Here's a video of what you all missed at the TWSR 2008

(The video was made by a member of the TMSC (Toronto Moto Scooter Club)

Dave


----------



## Mississauga (Oct 27, 2001)

Cool video, Dave. Looks like a tight community. How big is the biggest guy you've seen riding a scooter?


----------



## Lawrence (Mar 11, 2003)

Mississauga said:


> Cool video, Dave. Looks like a tight community. How big is the biggest guy you've seen riding a scooter?


Roy is about 6'-6" and he used to ride a Piaggio BV 250,
But now he rides a Suzuki Burgman.

Dave


----------



## MacDoc (Nov 3, 2001)

Burgman or Silverwing can accommodate any size except really short riders( they are wide is the problem ).
They are big vehicles. - scooter is a bit of a stretch. 

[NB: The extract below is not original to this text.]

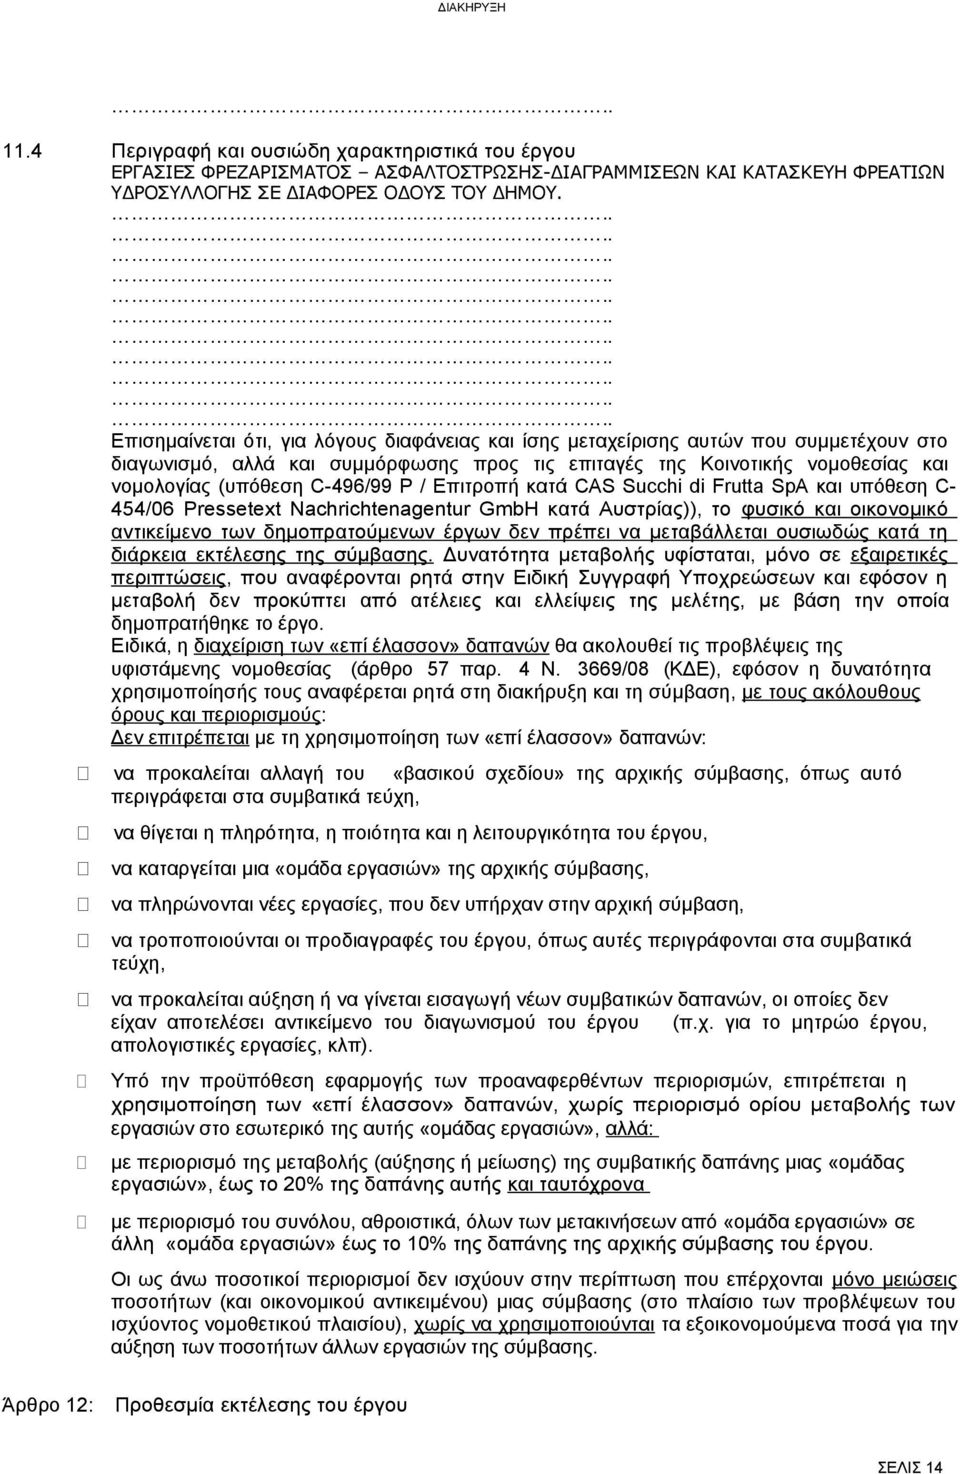 νομολογίας (υπόθεση C-496/99 P / Επιτροπή κατά CAS Succhi di Frutta SpA και υπόθεση C- 454/06 Pressetext Nachrichtenagentur GmbH κατά Αυστρίας)), το φυσικό και οικονομικό αντικείμενο των
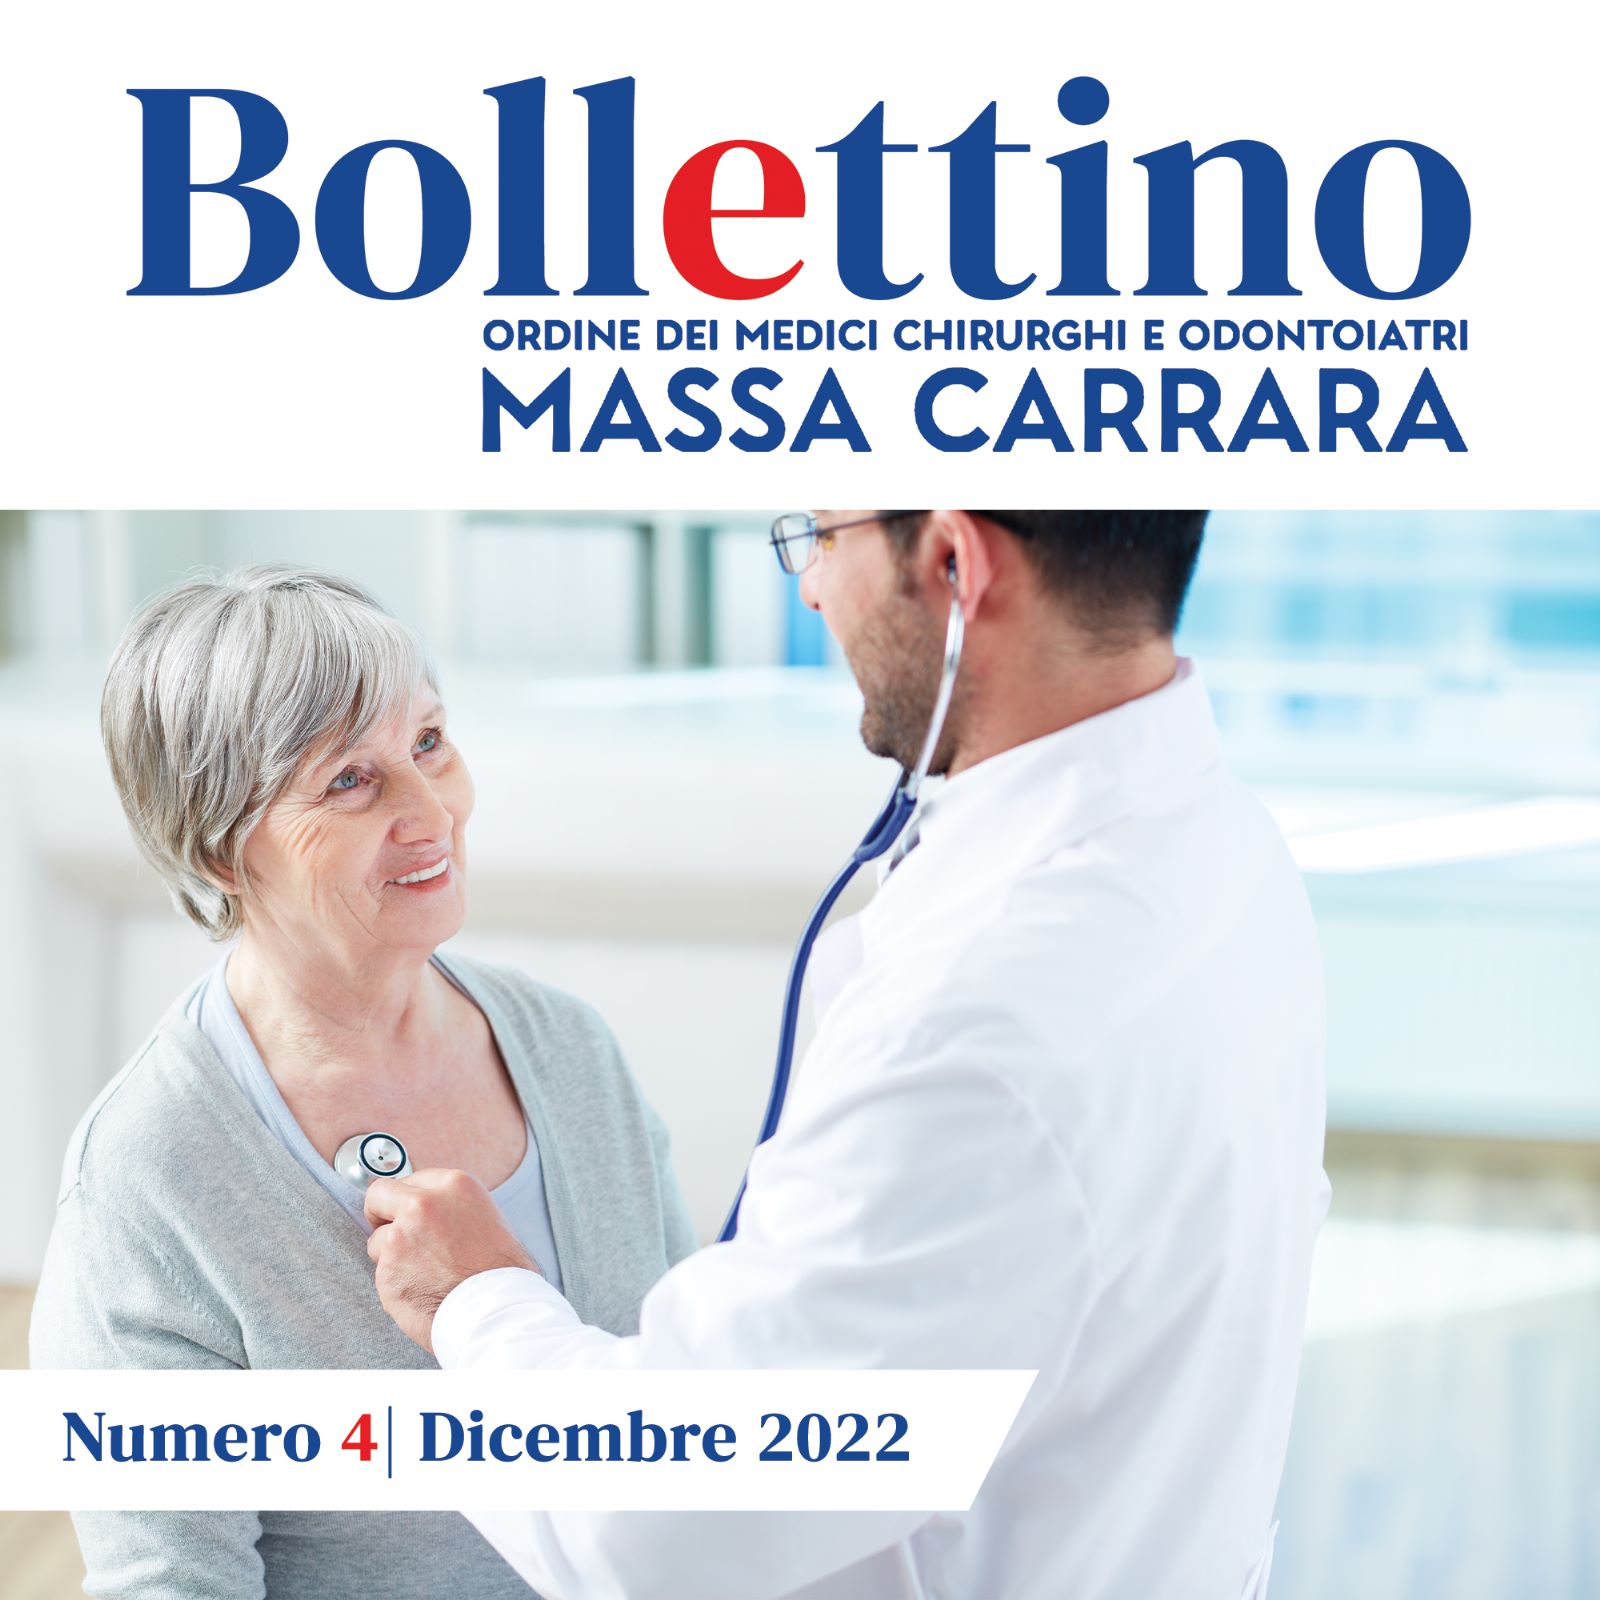 Clicca per accedere all'articolo Bollettino OMCeO - Dicembre 2022

I'm sure the bigger Italian scooters are fine as well.


----------



## Lawrence (Mar 11, 2003)

My girlfriend just traded in her Vespa LX150 for a Vespa GTS 250,
Now that is a nice scooter, Wish I could afford one, Maybe next year.
(Maybe next year I'll get the Vespa GTS 300...Heh)

Dave


----------



## Lawrence (Mar 11, 2003)

Well, I took the plunge, Traded in my Derbi 150 Blvd for an Aprilia Scarabeo 200.
Glad I did, This bike is fantastic, I can now ride on the highway with my scooter.










Aprilia Scarabeo 200

Dave


----------



## Mississauga (Oct 27, 2001)

Congrats, Dave. Cool lookin' scooter. Enjoy!


----------



## MacDoc (Nov 3, 2001)

Ohh very cool :clap:


----------



## MacDoc (Nov 3, 2001)

I noticed there was some good looking eScooters for sale right on the main drag in Stratford but the current crop seem underpowered.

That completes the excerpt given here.